In the second experiment we used the disaccharide galactosyl N-acetyl galactosamine (GalGalNAc) as competing ligand – using the same experimental format. This disaccharide matches the two extra sugars contained in GM1 and absent in GM3. We found the galactosyl N-acetyl galactosamine disaccharide competed the GM1-peptide fusion molecules off the membrane as predicted, but had no effect on the GM3-peptide fusion molecules (Figure 3—figure supplement 1E-F).

These results confirm the original explanation that the terminal galactose (or galactosyl N-acetyl galactosamine dissacharide (Gal-GalNAc)) of GM1 (absent in GM3) may interact with a membrane bound lectin to retain the lipid-peptide fusion in the membrane. They also strengthen the implications and general principles for how the oligosaccharide head group of native glycosphingolipids may affect sorting and retention in specific regions of the cell.

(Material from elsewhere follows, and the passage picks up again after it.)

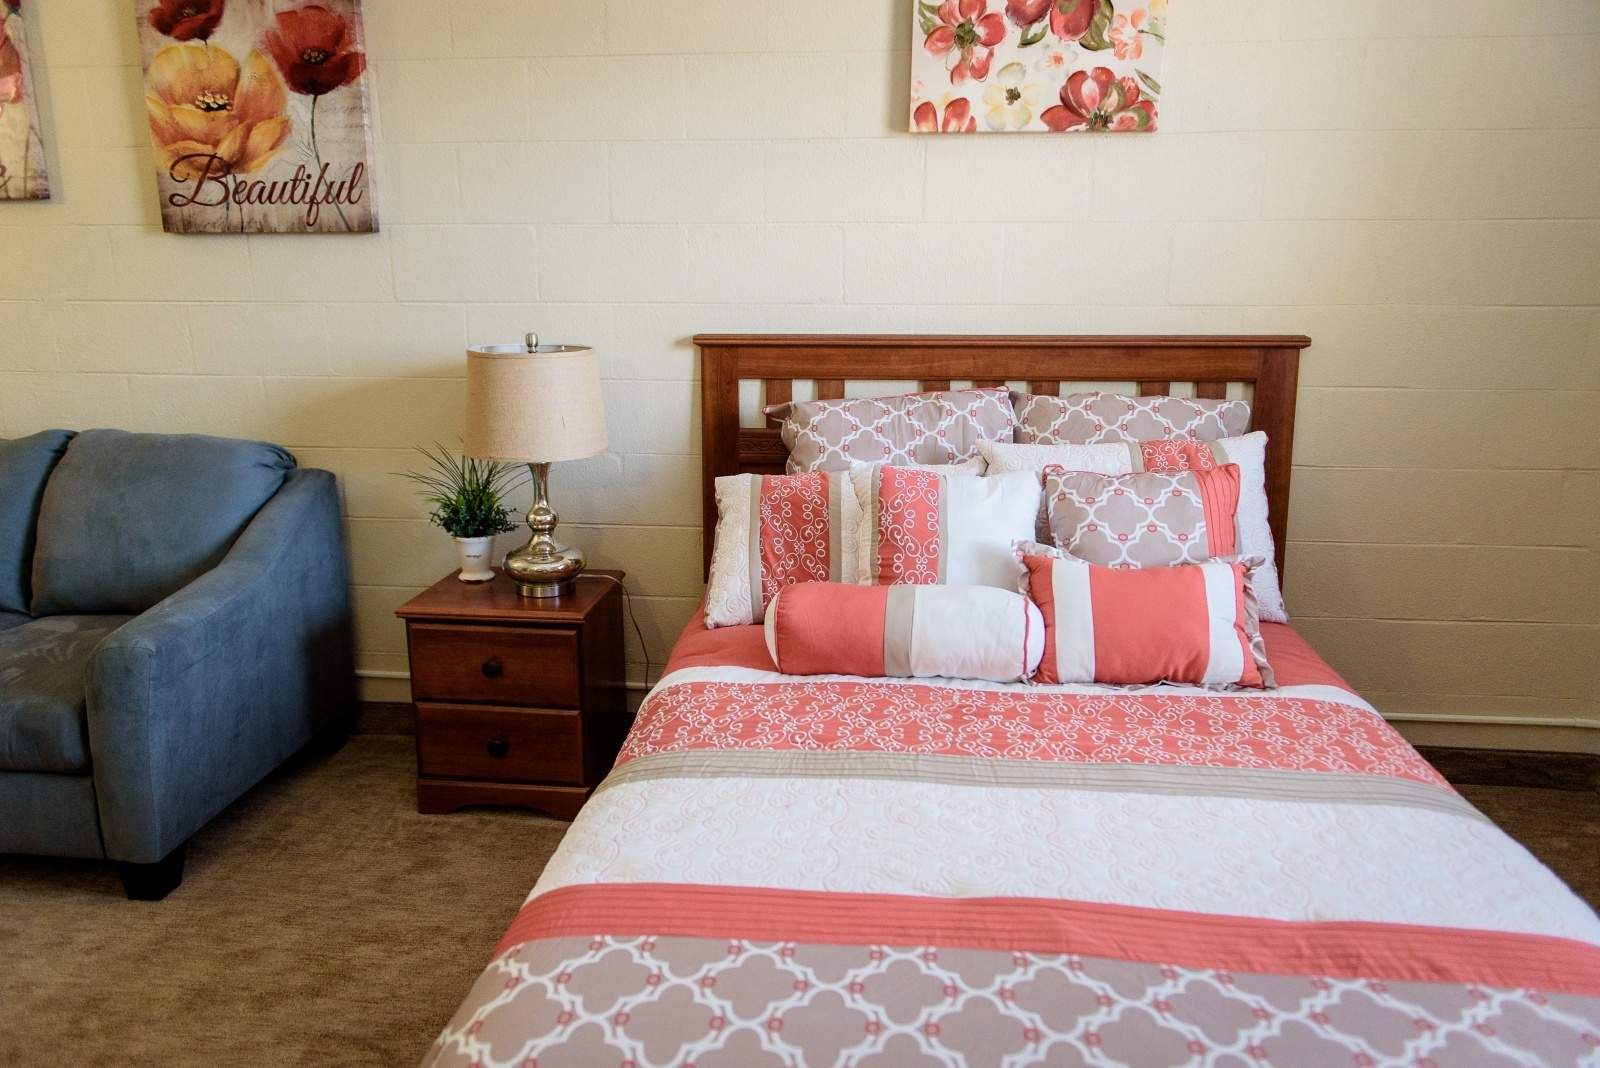 Vintage Care senior living community bedroom with cozy furniture and home decor.

The text has been revised:

“These studies show enhanced release from the membrane in the presence of excess free lactose, but not excess mannitol, implicating interaction with a galactose-specific lectin membrane tether (Figure 3E). […] The results also strengthen the implications and general principles for how the oligosaccharide head group of native glycosphingolipids effects may sorting and retention in specific regions of the cell.”